Estudo mostra que oferecer comunicação multicanal e utilizar a inteligência de geolocalização na logística da entrega são fundamentais.

Relacionamento real  no comercio virtual
Relacionamento real no comercio virtual

A cada dia o consumidor exige um relacionamento mais profundo, dinâmico e personalizado com seus fornecedores. Por outro lado, cada vez mais as empresas buscam concretizar um relacionamento agradável e de longo prazo com seus clientes.

Mas quando o assunto é e-commerce existem ações que, quando não bem realizadas, comprometem fatalmente as chances da segunda compra. É o que mostra pesquisa encomendada pela Pitney Bowes Software para conhecer os hábitos de compra e de relacionamento do consumidor online brasileiro.

A pesquisa foi realizada no último mês de novembro, com entrevistados que já fizeram compras pela Internet, pela empresa Quanti Pesquisa de Mercado. O estudo foi feito pela web e mostra de perto o perfil da distribuição dos usuários da Internet no Brasil:

– 56% homens e 44% mulheres;
– 66% no Sudeste, 14% no Sul, 14% no Nordeste, 5% no Centro Oeste e 1% na região Norte;
– 32% Classe B2, 25% Classe B1, 28% Classe C e 15% Classe A.

Com relação a conhecimento, experimentação e preferência de compra, a Americanas.com tem 100% de conhecimento, 75% de experimentação e 15% de preferência entre os 24 sites/lojas avaliados.
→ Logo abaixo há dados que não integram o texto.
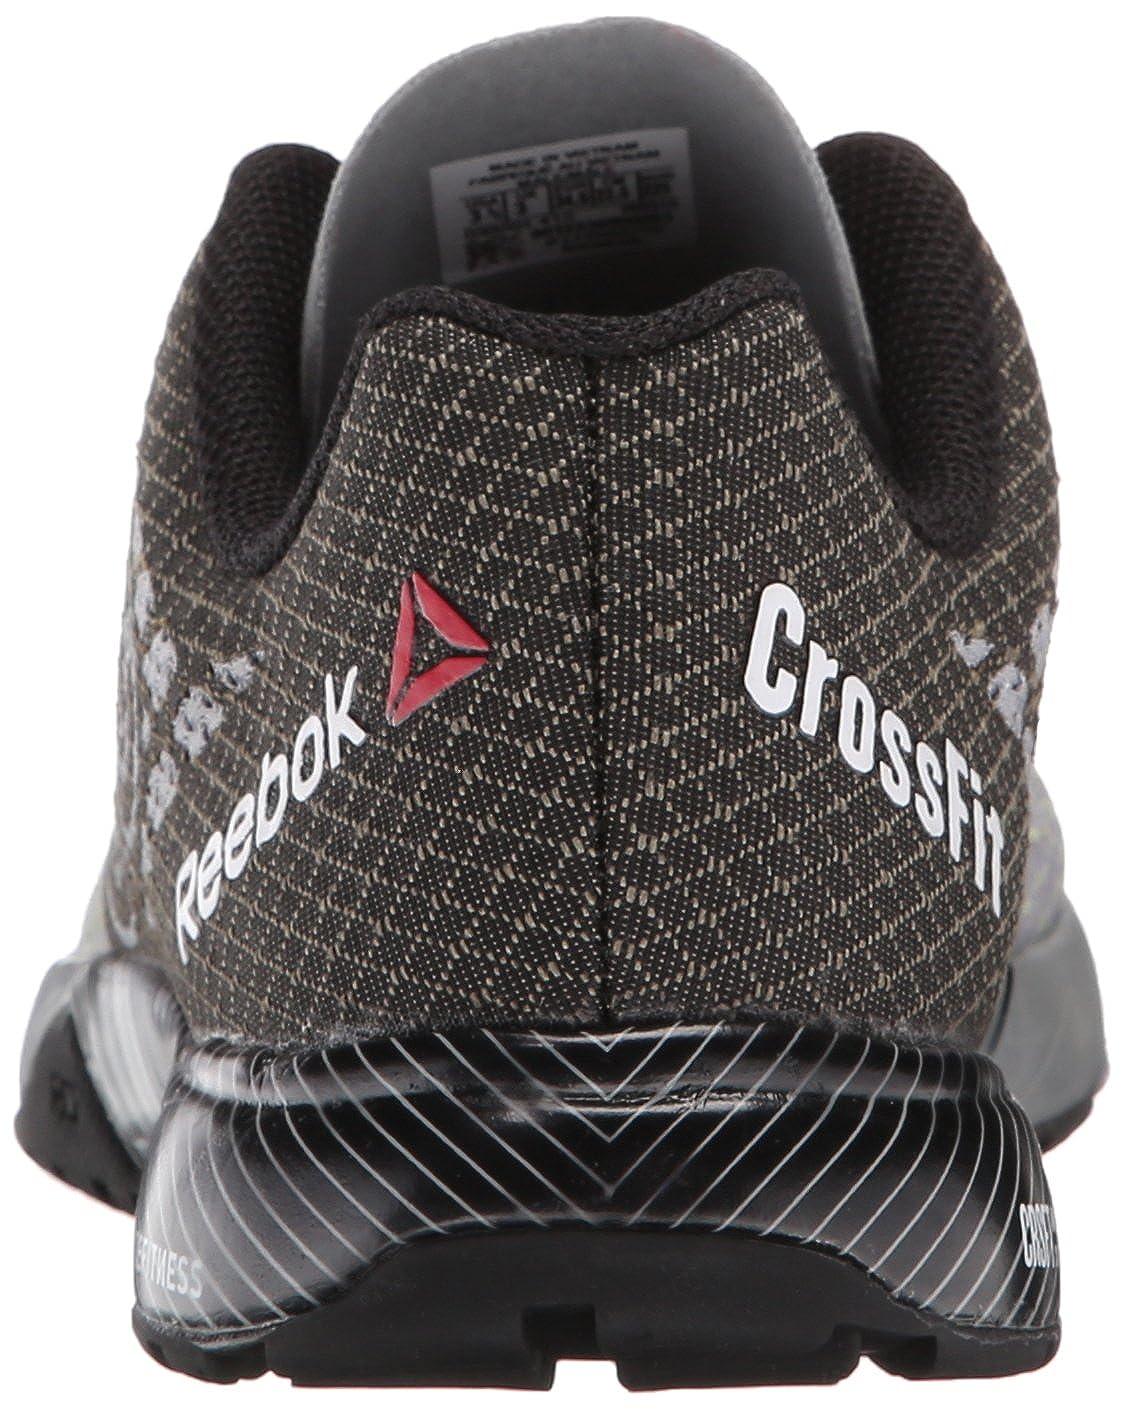 Reebok Crossfit Nano 5.0 Training Shoe Little Kid//Big Kid

Para 62% dos consumidores, o preço é o fator mais importante na hora de fazer uma compra online, enquanto 55% destacam a segurança para fazer pagamentos quando faz uma aquisição pela Internet. Na sequência aparece o compromisso com o prazo de entrega (43%), taxas de entrega (36%), política de devolução (17%) e facilidade para rastrear a compra (12%).

Entre os motivos que geram desistência da compra online, o campeão foi o “serviço da entrega” – taxas de entrega (66%), prazos de entrega muito longos (54%) e a falta de clareza na política de devolução (34%).

Segundo Ronaldo Oliveira, diretor da Pitney Bowes Software Brasil, estes resultados indicam a importância das empresas investirem na logística de entrega com soluções de geolocalização para garantir, desde o abastecimento dos centros de distribuição, até a entrega do produto dentro do prazo e a possibilidade de rastreamento pelo consumidor.

Quanto aos produtos preferidos para comprar pela Internet, 57% dos entrevistados preferem adquirir livros. Na sequência aparecem eletrônicos (48%), eletrodomésticos (43%), eletrônicos de alta tecnologia (43%) e CDs e DVDs (35%).

Sobre os canais de atendimento para que o consumidor possa entrar em contato com a loja/site, o resultado mostra a clara preferência pelo atendimento multicanal.  O canal de contato preferido com lojas online ainda é o 0800 (29%), seguido bem de perto pelo e-mail e pelo chat online com 26% cada.

“Gerenciar a comunicação com o cliente faz a diferença entre vender uma única vez e se relacionar com o consumidor ao longo de sua vida”, destaca Oliveira.

Mas o diretor alerta sobre a complexidade de gerenciar todas estas soluções, sem perder a qualidade das informações, nem oportunidades de novos negócios. “Muitas organizações gerenciam as interações com seus clientes de forma descentralizada e por vários departamentos distintos.  Isto gera perdas de informações preciosas e uma grande insatisfação no consumidor”, complementa o executivo.

Para as compras de Natal 74% dos entrevistados afirmaram que pretendem fazê-las pela Internet. Livros (39%) serão provavelmente os presentes mais comprados, seguidos de brinquedos (34%). O valor médio gasto em compras online para o Natal deverá ficar por volta de R$ 655, porém entre as pessoas com filhos a média de gastos deverá ser mais alta (R$ 797).

Para 29% o valor gasto deverá ser o mesmo do Natal passado. Já para 33%, o valor deverá ser maior ou bem maior que ano passado. Porém, para 38% o valor será menor ou bem menor que no ano anterior.